Ещё на Благовещение за проскомидией вынимали просфоры, приберегая их к предстоящему севу. И Гапа приберегла несколько частиц. На конике сидел Хфедюшка и тихим голосом живописал картину предстоящего сева:

– Нивы земные сама Богоматерь засевает, с небесной высоты нисходит, Гавриил-архангел соху водит, а конь в запряжке белый, точно голубь, а Мать Пресвятая разбрасывает из золотой кошницы всякое жито пригорышнями… И так и идут они, а в то же время устами безмолвными, сердцем глаголящим молят Господа о ниспослании благословения на будущий урожай.

Гапа, занятая своим делом, время от времени оборачивалась и благосклонно кивала.

Вечером она рассказал Сергею Леонидовичу, что Хфедюшка ходил в Санаксары, и там, в мордовских лесах претерпел очередное чудо: заблудившись ночью, по молитве ему даден был свет, и свет шествовал впереди него, пока не вышел он на торную дорогу…

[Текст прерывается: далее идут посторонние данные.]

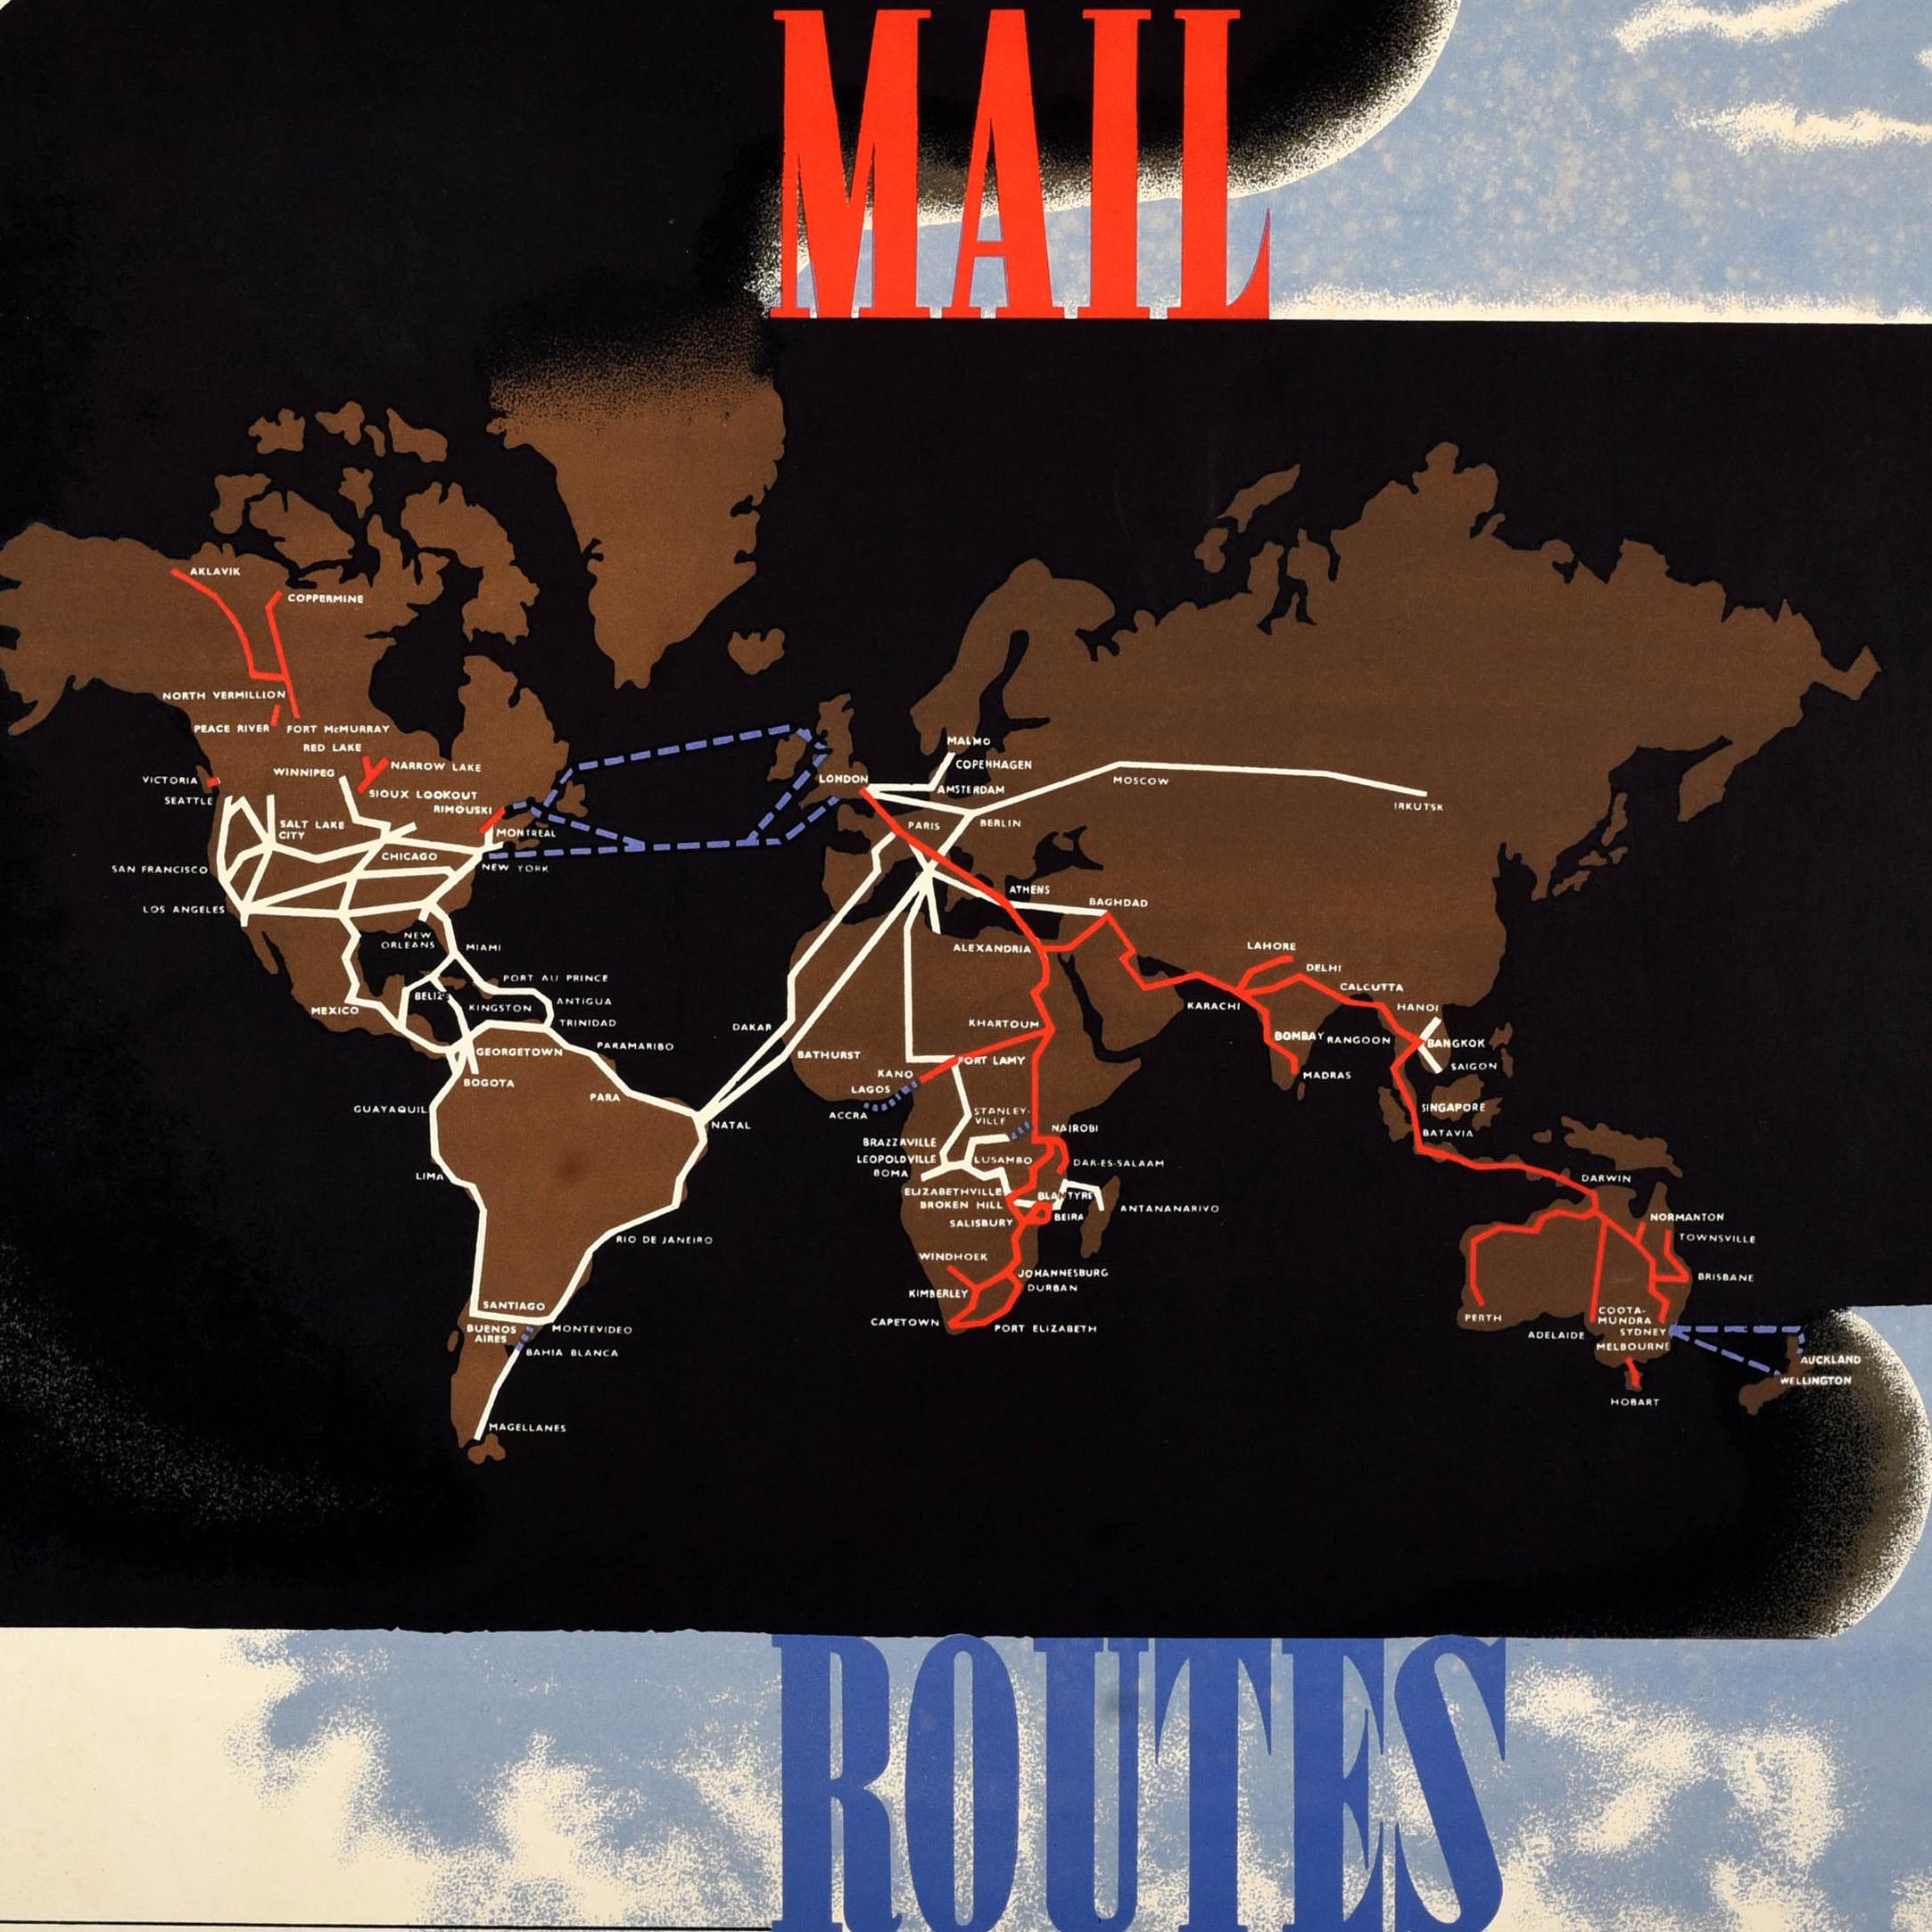 Rare affiche publicitaire originale pour le General Post Office (GPO) - Air Mail Routes - présentant un superbe dessin de l'artiste Edward McKnight Kauffer (1890-1954) montrant les routes aériennes mondiales en rouge, blanc et bleu reliant des

Сергей Леонидович ходил со стариками смотреть землю, нашел её довольно готовой и решил немедленно пахать под овес, но столкнулся с непререкаемым отказом Терентия Скакунова, столь неожиданным в этом разумном человеке.

– На святой, стало быть, не пахать, – твёрдо приговорил он.

– Да отчего же? – изумлялся Сергей Леонидович. – Ведь самое время. Земля-то как просохла, не пересохла бы. Да и овёс любит сев ранний.

На последнее замечание Сергея Леонидовича Скакунов усмехнулся в бороду.

– Эк ты, хозяин, – тихо заметил он. – Овёс любит… Не обессудь, батюшка, да не заведено у нас эдак. И деды, и прадеды завещали, чтоб на святой не пахать. Вон у графини-то Шуваловой в Можарах немец управляется. Так он на Божьи дни не смотрит, а всё и впросак попадет: то туман откуда ни возьмись хватит, то грачи налетят – весь овёс побьют. Это, Сергей Леонидович, не шутки шутим.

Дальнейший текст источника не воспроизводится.